**WORK REQUEST**
From the first line to the last, return the data exactly, with no pictures.

**THE DATA**
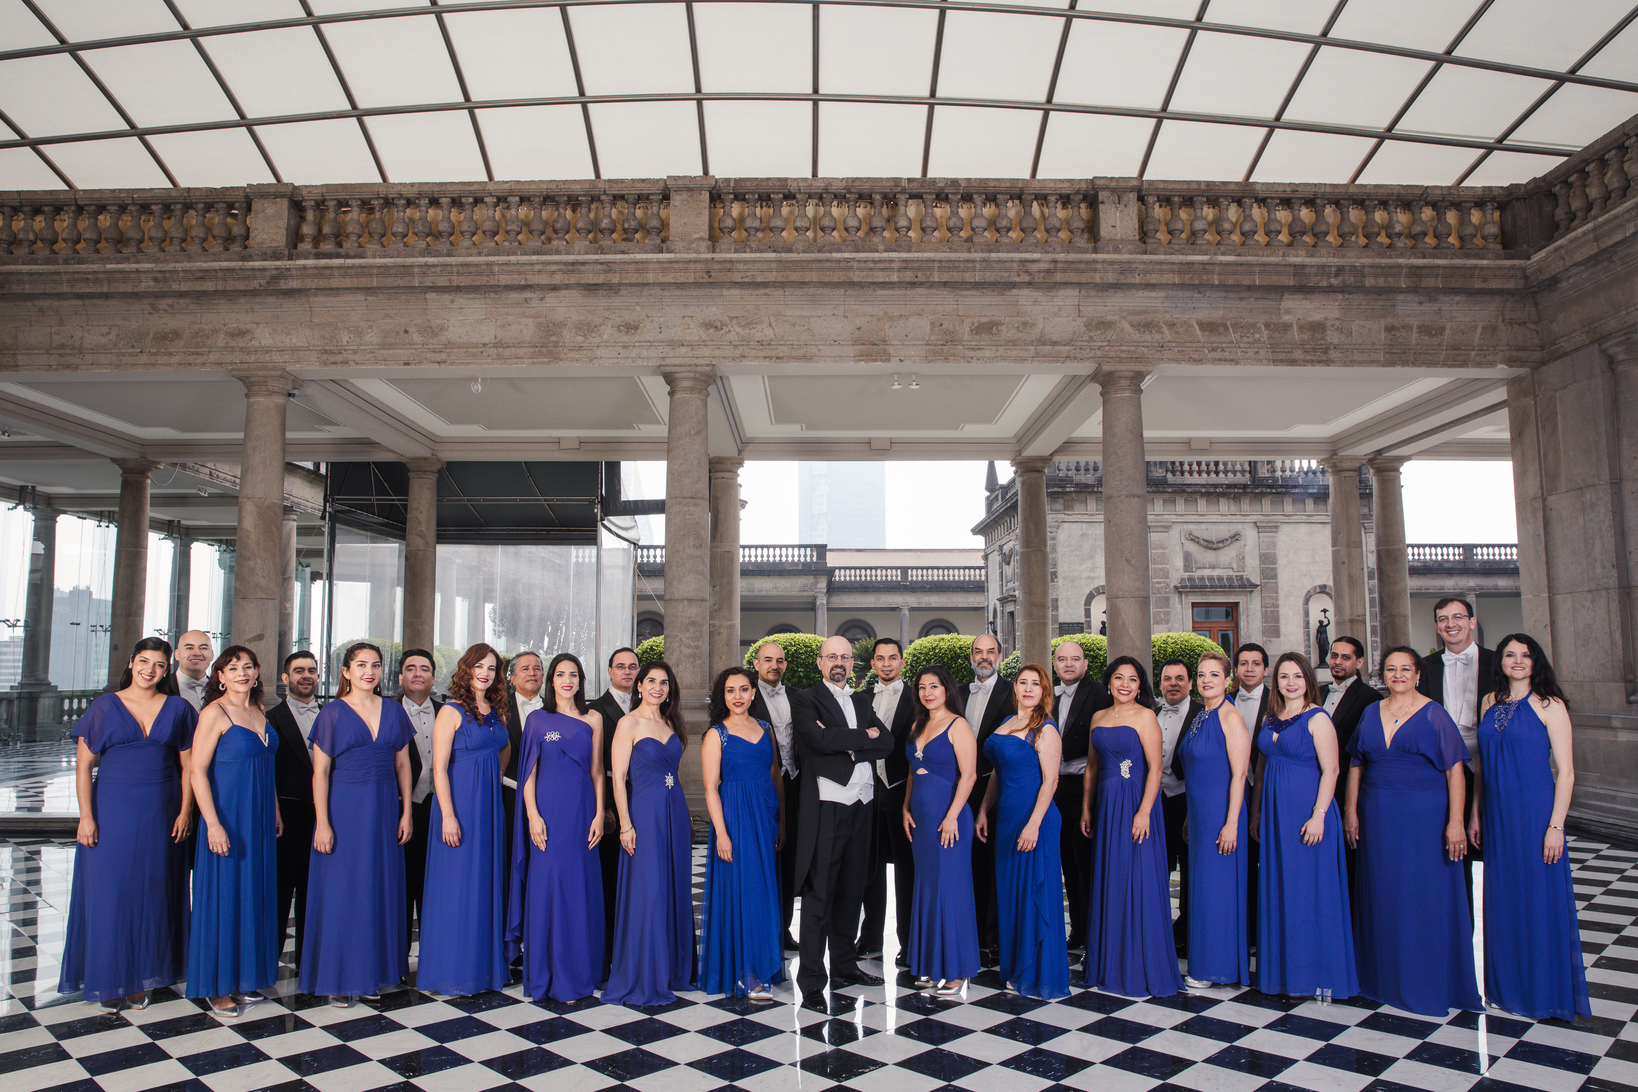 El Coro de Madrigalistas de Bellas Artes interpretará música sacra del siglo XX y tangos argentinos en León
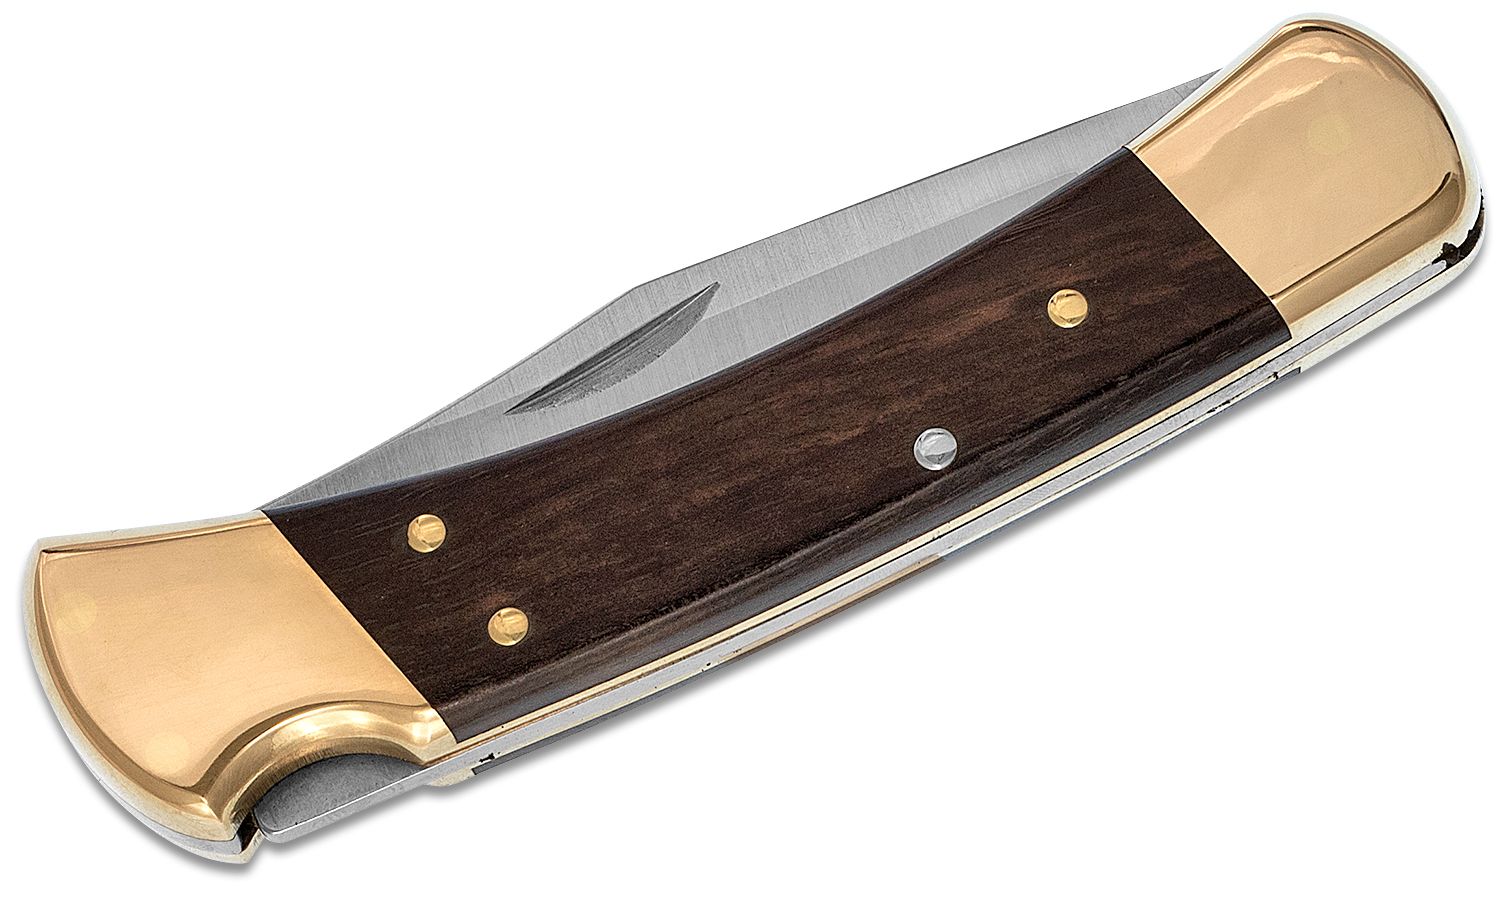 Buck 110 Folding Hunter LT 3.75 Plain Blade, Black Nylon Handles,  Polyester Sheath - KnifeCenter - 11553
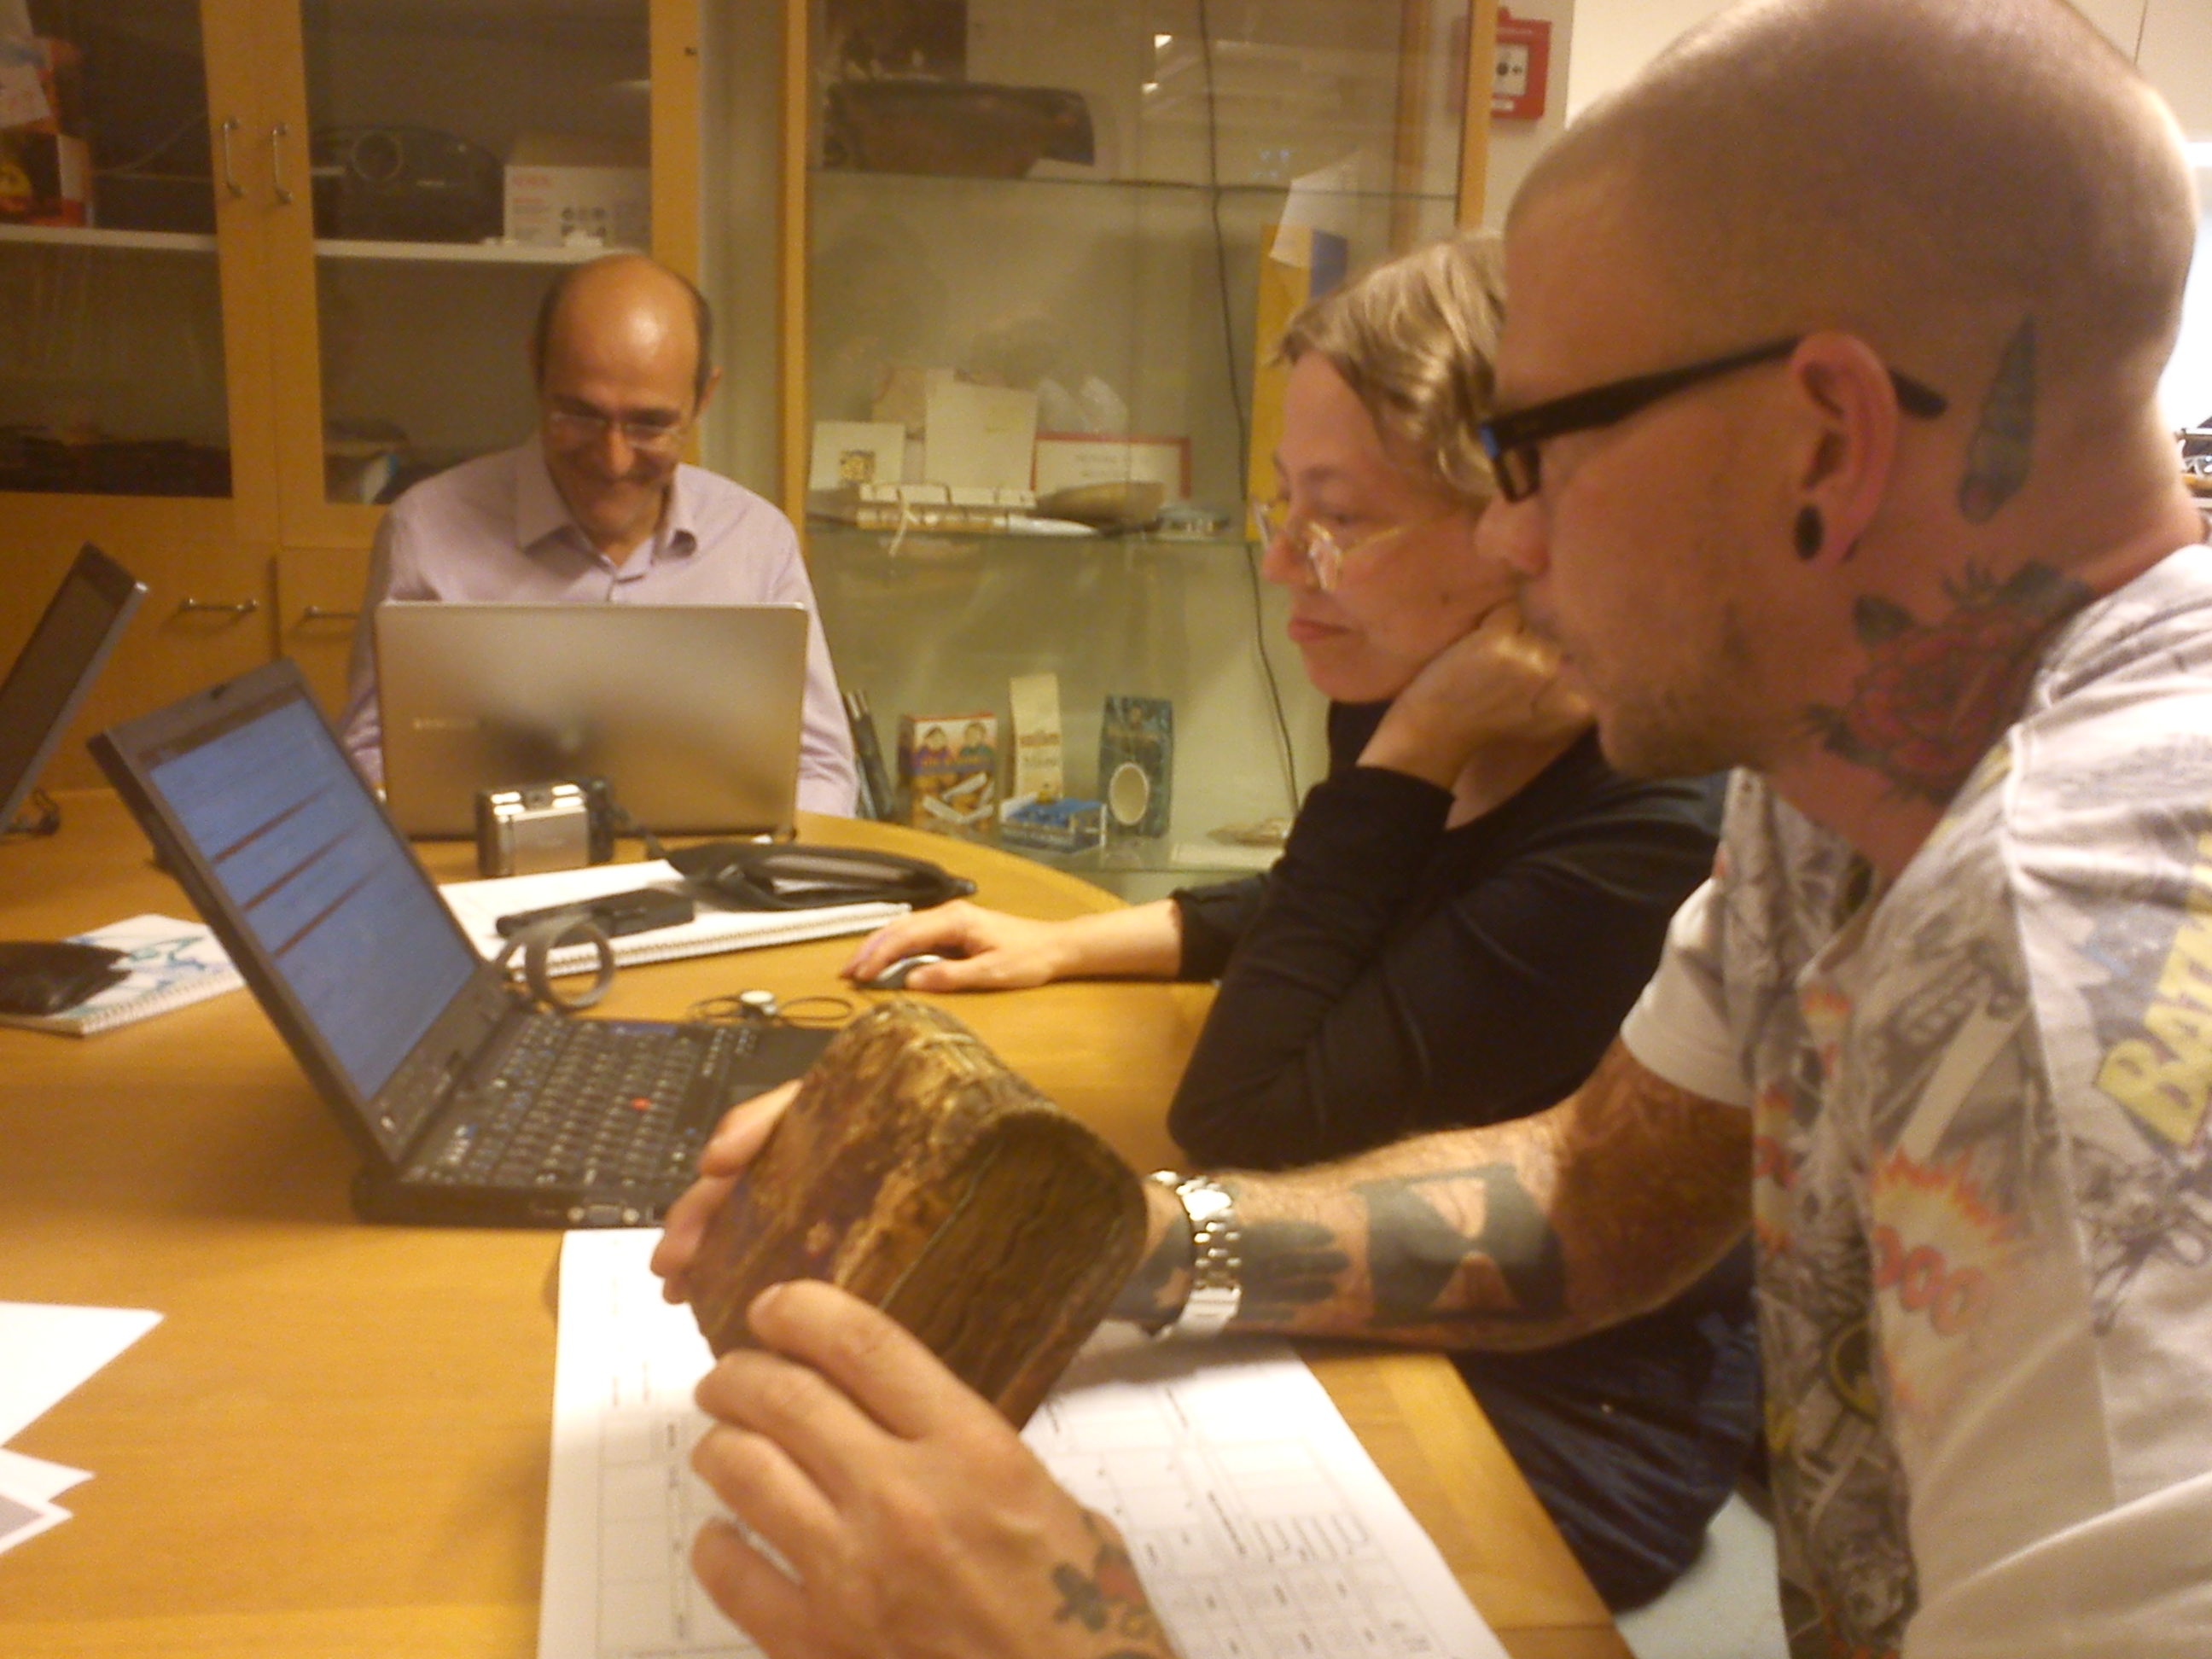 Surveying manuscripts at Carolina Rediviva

**WORKED SOLUTION**
 El Coro de Madrigalistas de Bellas Artes interpretará música sacra del siglo XX y tangos argentinos en León
 Buck 110 Folding Hunter LT 3.75 Plain Blade, Black Nylon Handles,  Polyester Sheath - KnifeCenter - 11553
 Surveying manuscripts at Carolina Rediviva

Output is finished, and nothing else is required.